*** MATERIAL PROVIDED ***

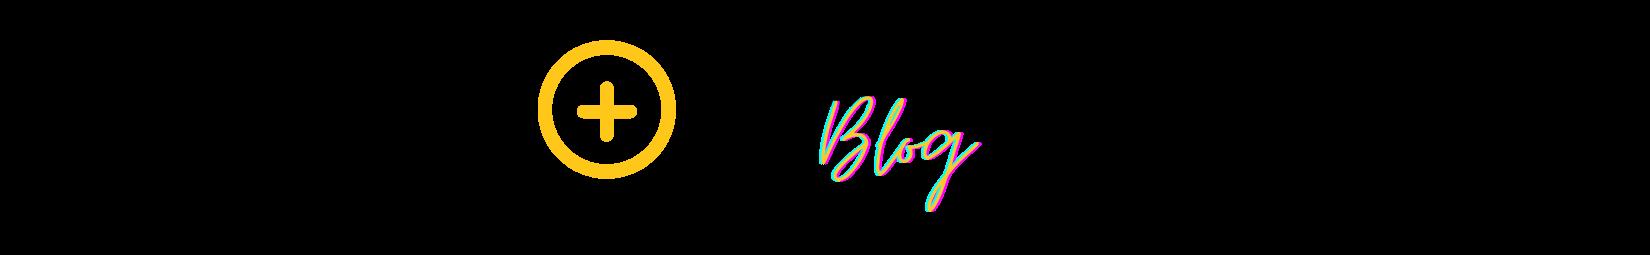 Ad Bands Blog
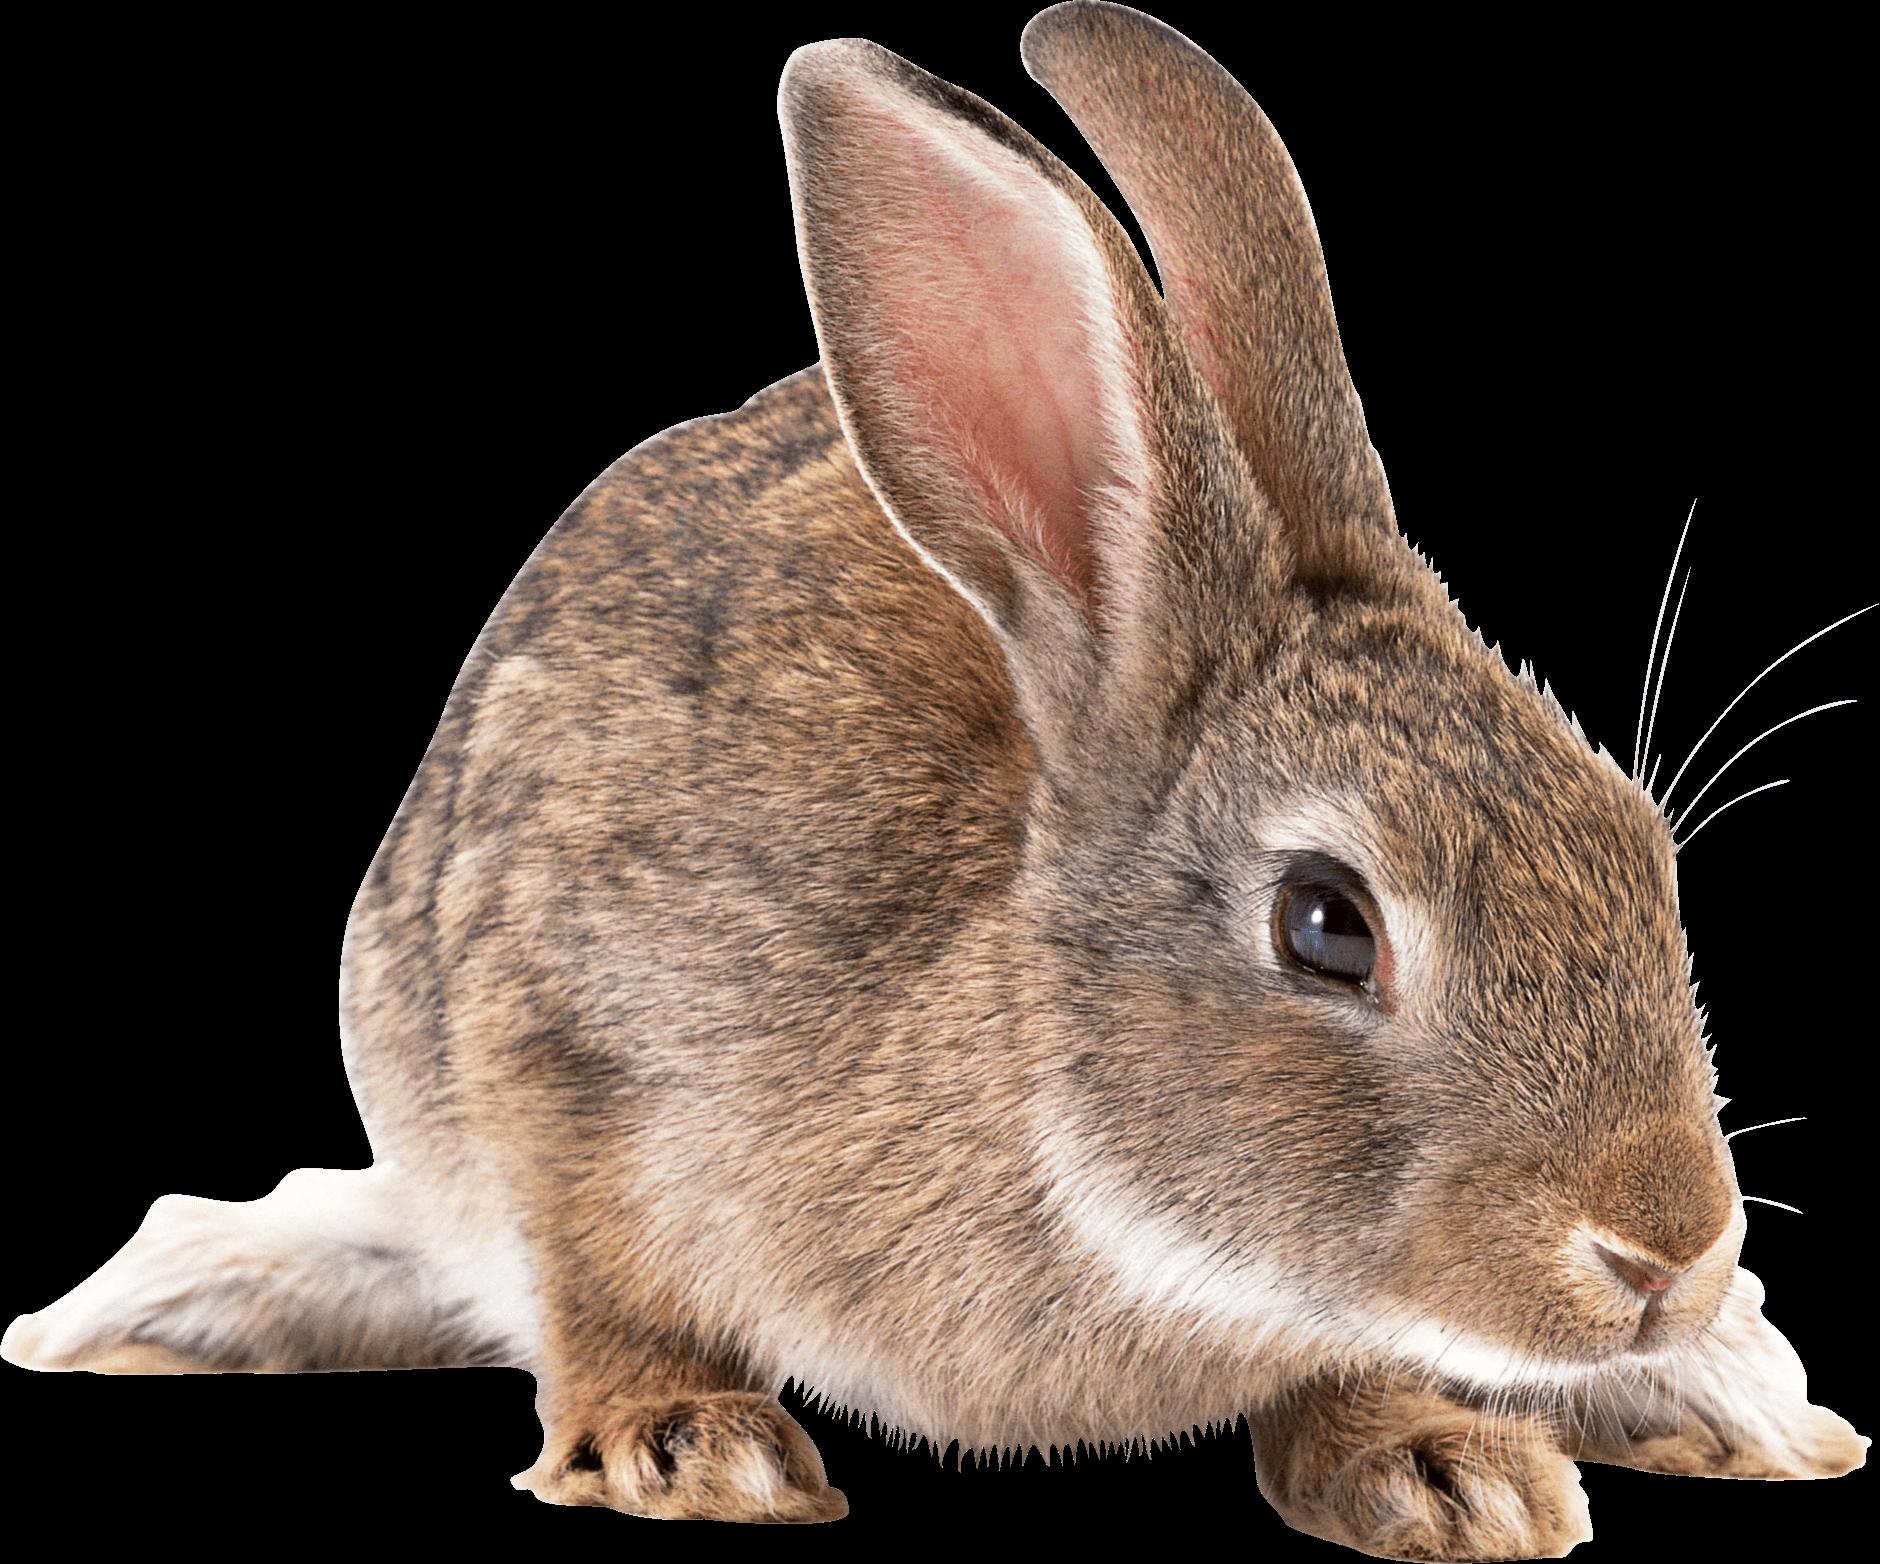 Rabbits transparent png images. Clipart bunny cottontail rabbit
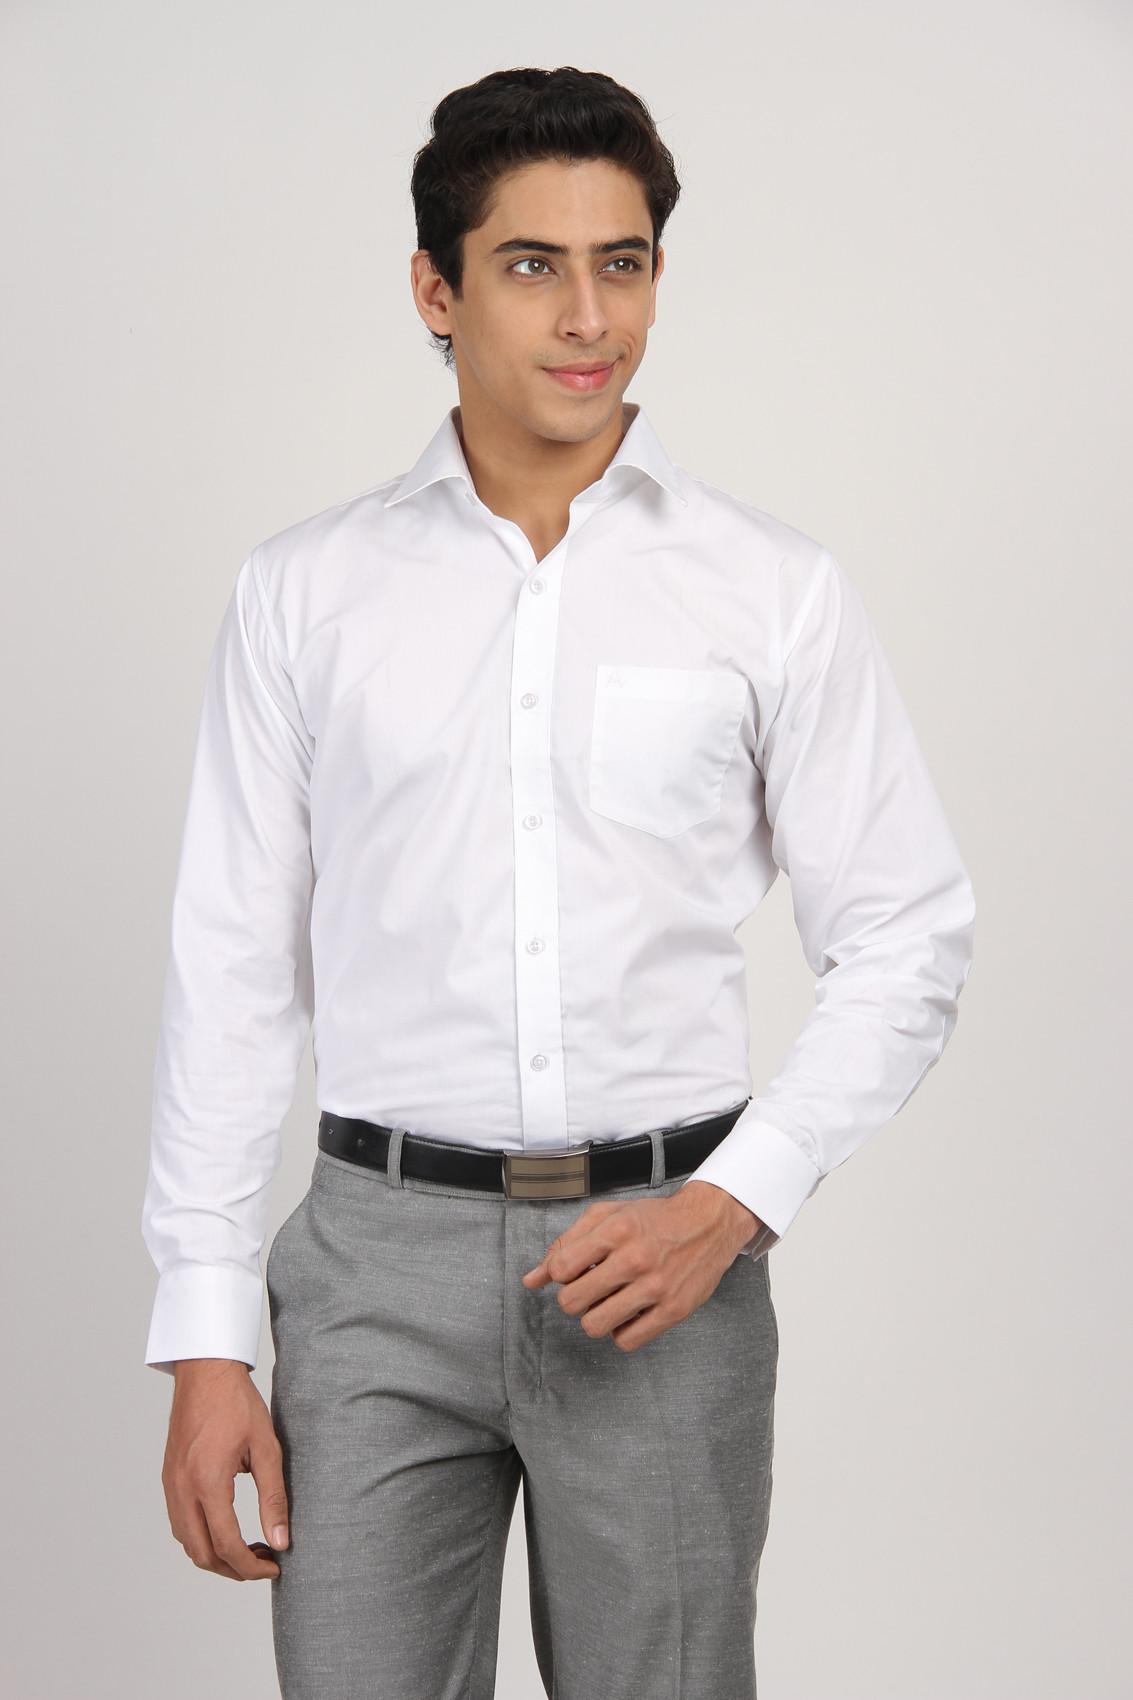 Arihant Men 39 S Solid Formal Shirt Buy White Arihant Men 39 S

*** End of MATERIAL PROVIDED ***

TASK: One exact copy of the data is required, and it should hold no pictures.

EXERCISE RESULT:
 Ad Bands Blog
 Rabbits transparent png images. Clipart bunny cottontail rabbit
 Arihant Men 39 S Solid Formal Shirt Buy White Arihant Men 39 S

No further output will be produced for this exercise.